ミュンミュンちゃんが嬉しそうに両手をバンザイさせると、ローズも楽しげに拍手した。



「大変だ、早く糖分を補給しなきゃー!? ってことで、集客効果抜群アル」


「考えたものだね」


「えへへー! あっ、そろそろ仕事に戻らないと……それじゃ、コンサートを楽しみにしてるアル!」



 そうしてミュンミュンは自分の仕事へ戻っていく。彼女以外にも数名の店員達がこの場に集まっており、少しずつテーブルや椅子が配置されて行った。



「はっこぶアルよー!」



 元気いっぱいのミュンミュンの掛け声が聞こえるたび、ミントはにっこりとしてしまう。



「うふふ」


「キョンシーっていうのは、なんであんなに元気な奴ばっかりなんだろうね……疲れ知らずというか」


「えぇ。そうですね。でも、羨ましいわ……」


「…………」



 テスタロッサは、悩ましげにミュンミュンを見つめるミントを少しばかり眺める……彼は、ミントを本当にここへ呼んでしまって大丈夫だったのだろうかと思った。無理強いした結果になっていないだろうか……彼としては、今回の仕事はちょっとした気分転換という気楽なものだった。だがミントにとっては気楽ではなかったかもしれない。

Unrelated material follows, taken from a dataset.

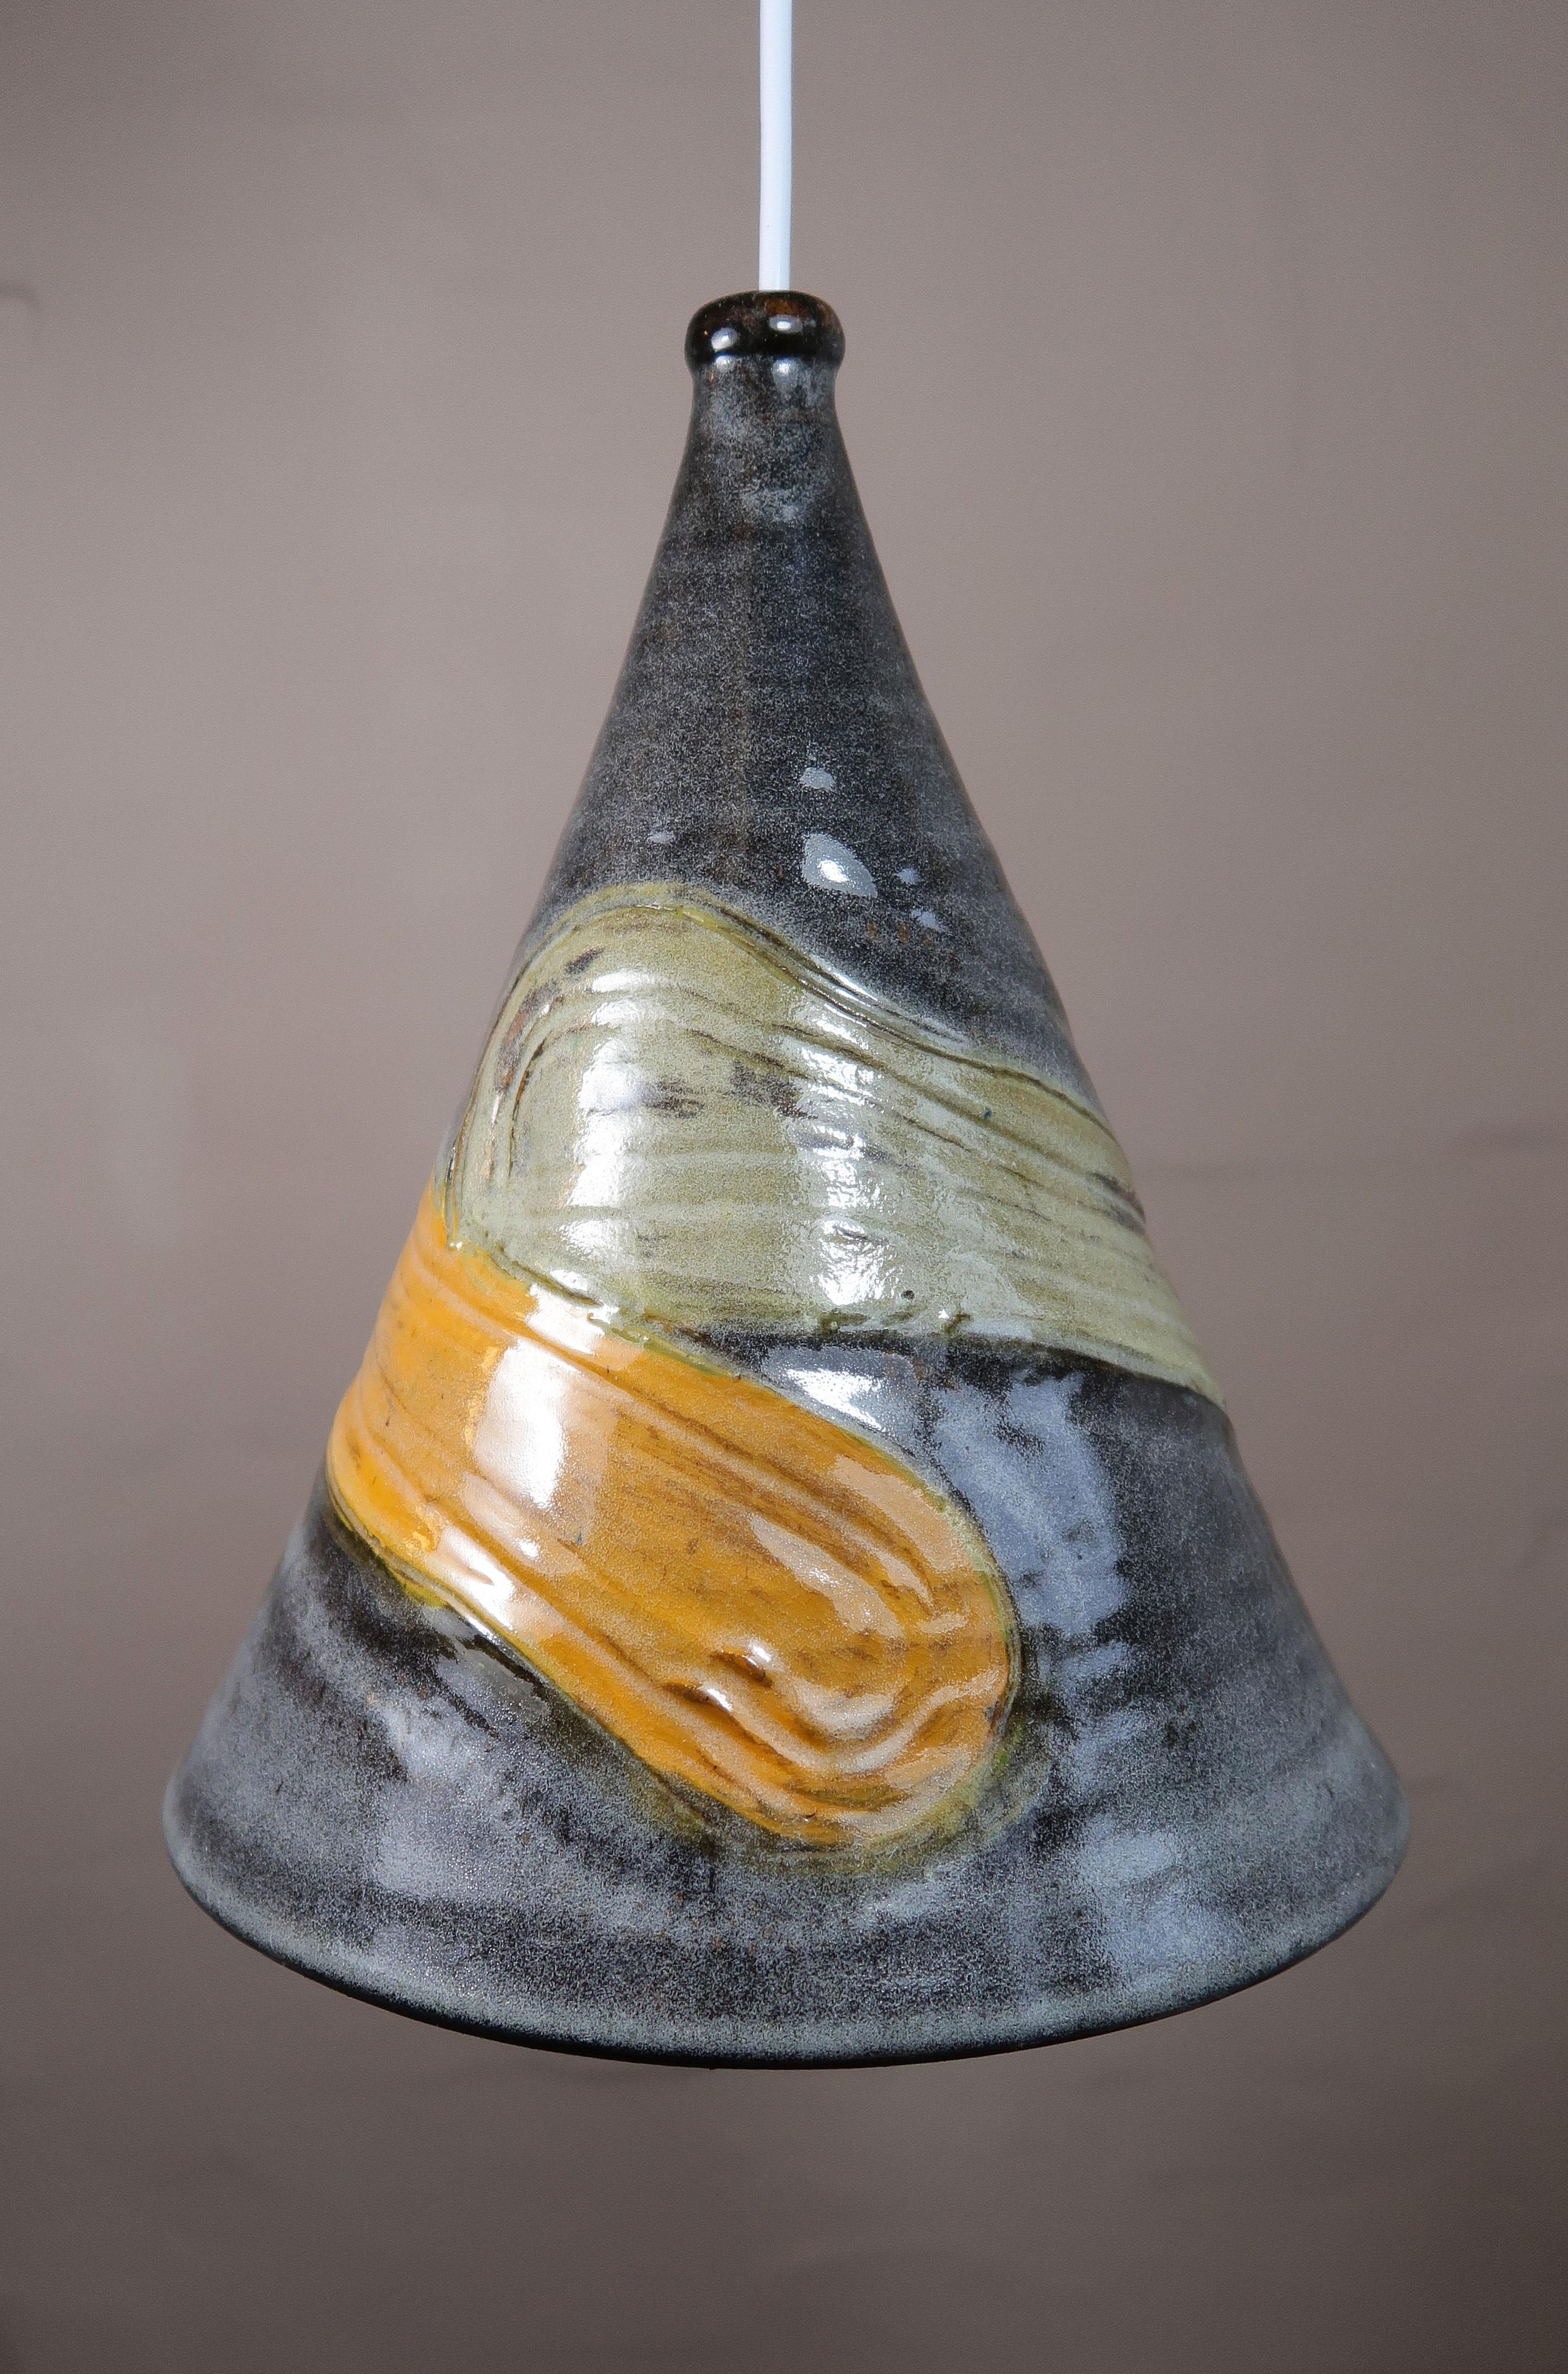 One of a kind Scandinavian Mid-Century Modern ceramic pendant designed and handmade by Marianne May - a student of Bjørn Wiinblad. Handmade organic relief pattern swirling around the center of the cone shaped ceiling lamp. Warm grey with yellow

 そもそも、この仕事をやろうとしたキッカケはミントの様子が最近思わしくなかったからだ。そう思っていたのはローズも同じだったようで、新しいシンセサイザーを手に入れた日、彼女から相談されたのだ。テスタロッサからしてみれば、友達から心配されるほどのミントも気になったが、それ以上にローズが『自分の歌以外でなんとかならないものか』と思ったことに驚いた。ある意味、その事はミントの様子以上に大変な出来事のような気もした。


 あの自信家のローズが他人に頼るだなんて。これは自分がひと肌脱ぐしかあるまい。テスタロッサはあの時、そう思ったのだ。


 何を言おう、テスタロッサ自身も体が強い方ではなかった。今回の仕事だって、正直な話結構しんどいと思っている。だが彼も男だ。それに自分の仲間達を想えば、それも苦ではない。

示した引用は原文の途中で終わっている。